--- Provided material ---

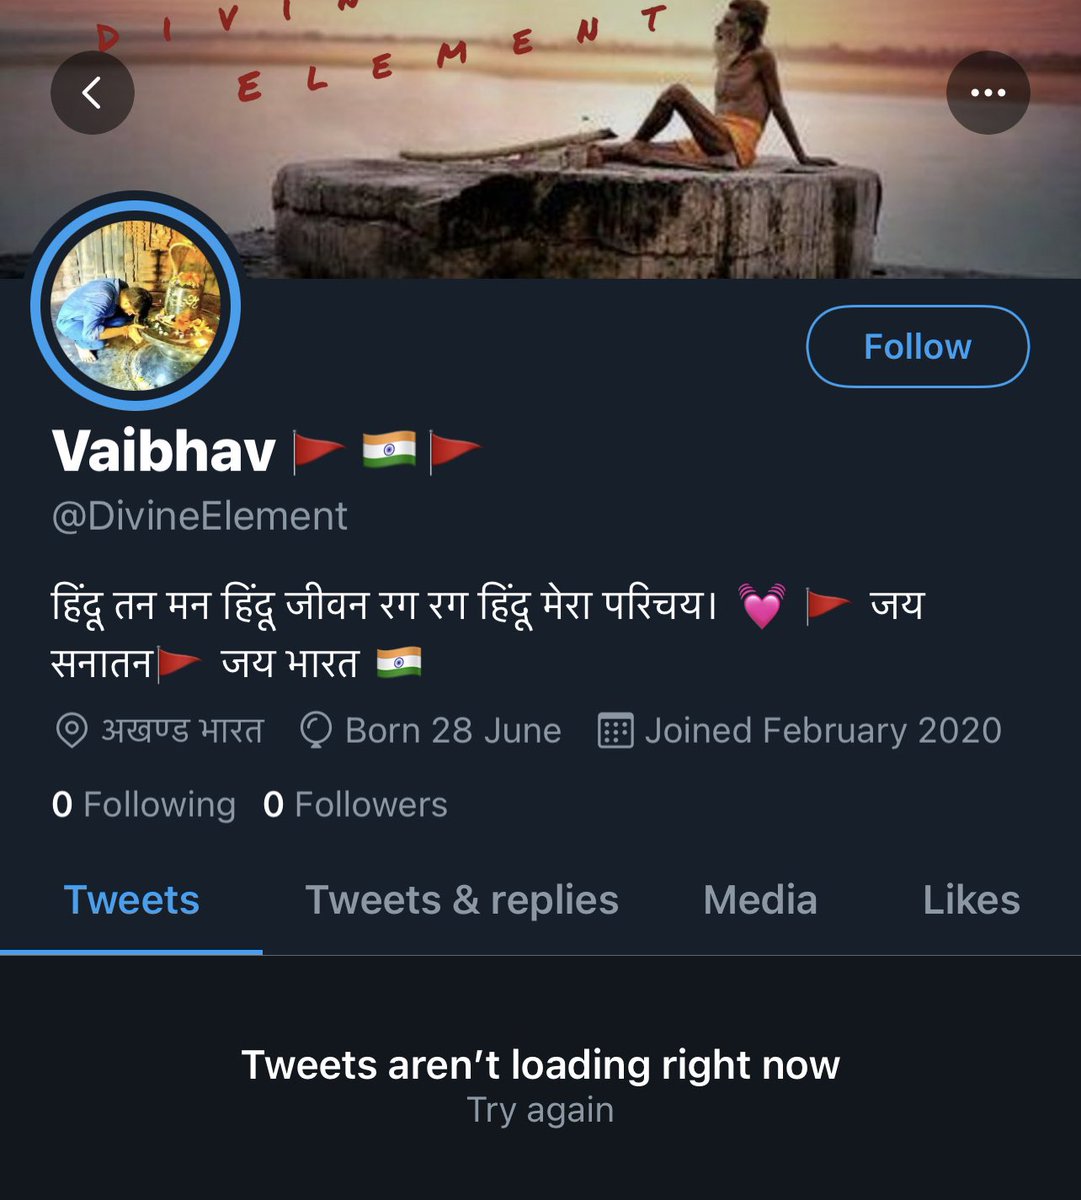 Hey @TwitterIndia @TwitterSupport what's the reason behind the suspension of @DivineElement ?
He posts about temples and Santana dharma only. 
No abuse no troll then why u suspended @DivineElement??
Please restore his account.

---

» **Exercise directions**: Transcribe the whole listing exactly. Pictures stay out of your copy.

» **Solution**:
 Hey @TwitterIndia @TwitterSupport what's the reason behind the suspension of @DivineElement ?
He posts about temples and Santana dharma only. 
No abuse no troll then why u suspended @DivineElement??
Please restore his account.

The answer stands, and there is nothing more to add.